Posts Tagged ‘mortgage rates’
How To Make The Most Of Your Cash When Offered An Investment Idea
Do you realise the best investment ideas can usually be the simplest? One of the secrets though is knowing where to go for the lowest risk but with the best return.
Try and disregard the current property downturn as historically house prices do increase quite dramatically over the years. You can still make a decent low risk investment out of property.
A good property investment relies on the old saying location, location, location. Some things never change and certainly location is the number one factor to consider.
Property prices usually double every ten years in the UK. You can make the most of your property investment knowing this. Property investments are a great example of the simplest ideas being great investment ideas.
Keeping figures simple and rounded well do a quick example. Buy a house for 150k and 10 years later it should be worth double that, 300k.
On that example you should regularly shop around for the best deals on mortgage repayments as we could be talking about a lot of cash. It’s always a great idea to have some cash at hand in case another great investment idea comes along.
**If you want to learn how to reduce your mortgage by years you can use our mortgage overpayment calculator and be shocked at the result**
Back to what we were on about before.
Chopping and changing lenders can be a hassle, but the ultimate return on your investment can be much more if you do a little work. The mortgage is a key factor in any property investment idea.

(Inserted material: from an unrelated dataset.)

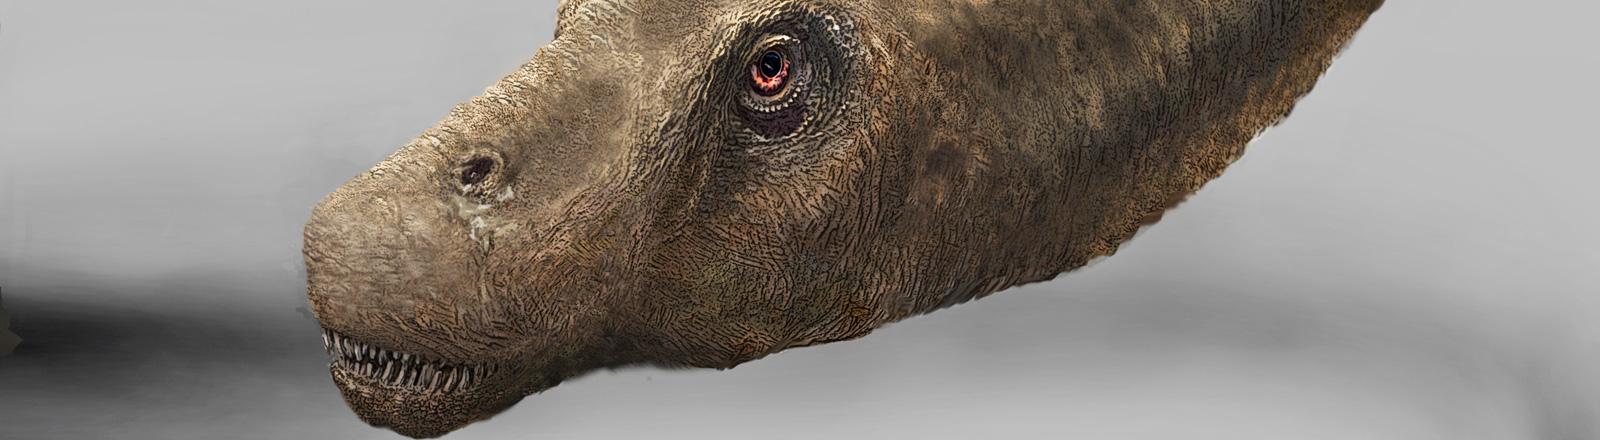 Illustration des Dreadnoughtus schrani; Bild: Mark A. Klingler / Carnegie Museum of Natural History / dpa

So many new investors are caught out by the peaks and troughs of the property market. They usually buy at a peak then when things turn sour, they rush to get rid. A sure fire way of losing money equating to a poor investment idea.
Going back to the phrase, simple is usually best, you need a system to work from to maximise any chance of great returns. If property is to be your medium then the formula has to be, wait for a trough, establish an affordable good location, obtain a good mortgage, get a good management team in to secure regular premium rentals.
The best ideas are usually the simplest, with the wheel being one of the simplest and best. Don’t over complicate matters in your search for a good investment idea, after all simple is best. You can click this link for one of the best investment ideas.
The Best Investment Ideas Are The Simplest So Here’s What To Look Out For
Many people will never realise the best investment ideas are usually the simple ones. You have to look for the greatest return but with a very low risk factor.
Property prices do increase a lot over the years, which is hard to believe as we suffer a terrible downturn. You can still make a decent low risk investment out of property.
A good property investment relies on the old saying location, location, location. If you are looking at a property investment then location is number one on your list.
Here in the UK house prices double every 10 years historically so you can make the most of your money by getting into the property market. Property is a prime example of a simple idea being arguably the best investment idea.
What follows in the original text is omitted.